Ciptakan Mesin Pencacah Bonggol Jagung, Solusi ITS Bantu Petani di Gresik

Hilda Meilisa - detikNews
Jumat, 30 Okt 2020 12:38 WIB
its bonggol jagung
Mesin pencacah bonggol jagung yang diciptakan tim KKN ITS (Foto: Istimewa)
Gresik -

Melimpahnya hasil panen jagung di Desa Bolo, Gresik yang merupakan komoditas utama di desa tersebut, menyisakan bonggol jagung sebagai limbah yang cukup banyak dan belum termanfaatkan oleh warga desa. Melihat hal tersebut, tim pengabdian masyarakat (Abmas) KKN ITS Surabaya menciptakan mesin pencacah untuk memanfaatkan limbah bonggol jagung menjadi pakan ternak dan bahan baku briket.

Bonggol jagung merupakan bagian tempat menempelnya biji-biji jagung. Bagian ini sering dianggap tidak memiliki manfaat sehingga kebanyakan petani jagung membuangnya. Hal ini juga terjadi di Desa Bolo yang dikenal sebagai juara satu penghasil jagung di daerah bagian utara 15 tahun terakhir. Produk jagung dari Desa Bolo, dijual dalam bentuk biji jagung sampai ke berbagai kota, sehingga hanya menyisakan bagian bonggolnya saja.

Menurut ketua tim Dr Wiwiek Hendrowati ST MT, tiap musim panen di Desa Bolo, bonggol jagung yang dihasilkan kebanyakan hanya dibuang di sebuah lahan. Hanya sedikit dari bonggol jagung itu yang dimanfaatkan untuk kegiatan pengasapan ikan di sana. Namun sisanya yang masih sangat banyak hanya dibuang begitu saja hingga berjamur.

"Padahal (bonggol jagung) masih bisa dimanfaatkan dan memiliki nilai ekonomis," ungkap dosen Departemen Teknik Mesin ITS ini dalam siaran pers yang diterima detikcom, Jumat (30/10/2020).

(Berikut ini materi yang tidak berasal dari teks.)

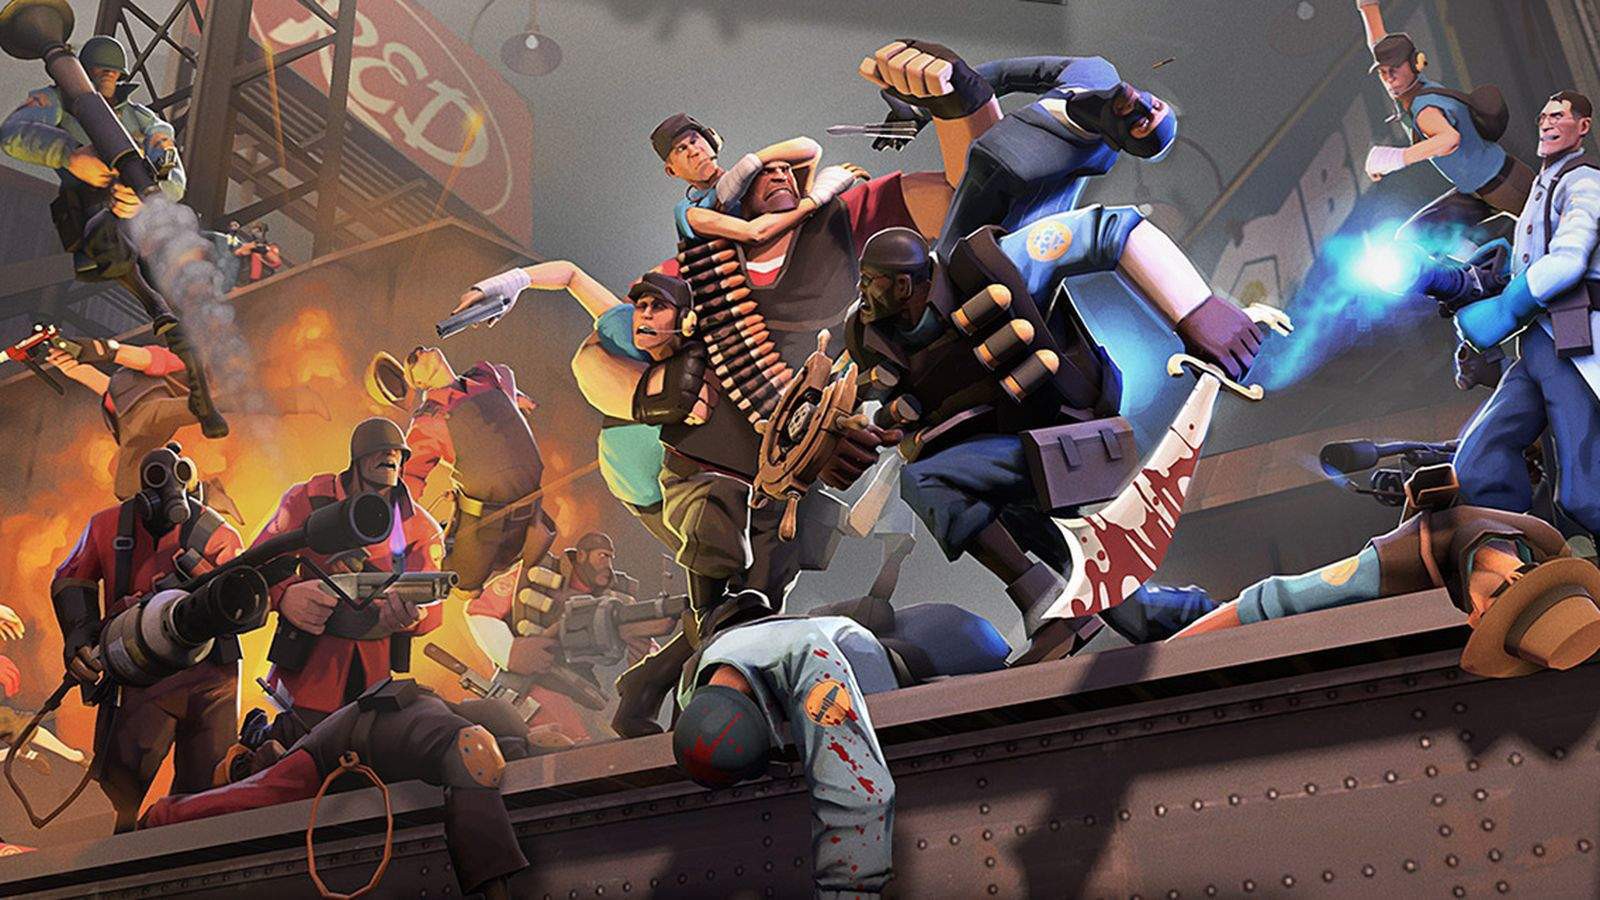 Games With Hidden Backstories - Team Fortress 2 and Generations of Conflict

Wiwiek menyebutkan bonggol jagung bisa dimanfaatkan menjadi bahan pakan ternak, terlebih di Desa Bolo juga terdapat peternakan. Selain itu, menurutnya, bonggol jagung juga bisa dimanfaatkan menjadi briket yang digunakan untuk bahan bakar.

Kedua alternatif pemanfaatan bonggol jagung tersebut memerlukan mesin pencacah untuk membantu menghaluskan bonggol jagung menjadi serpihan-serpihan. Oleh karena itu, tim Abmas dan KKN ITS ini menciptakan alat pencacah bonggol jagung sebagai bentuk kontribusi kepada masyarakat.

Dalam pelaksanaan program ini, tim Abmas ITS ini dibantu dua alumni ITS yang kini menjadi dosen di Universitas Qomaruddin, Gresik. Selain itu kegiatan ini melibatkan sepuluh mahasiswa ITS yang berdomisili di Gresik, sebagai mahasiswa KKN ITS.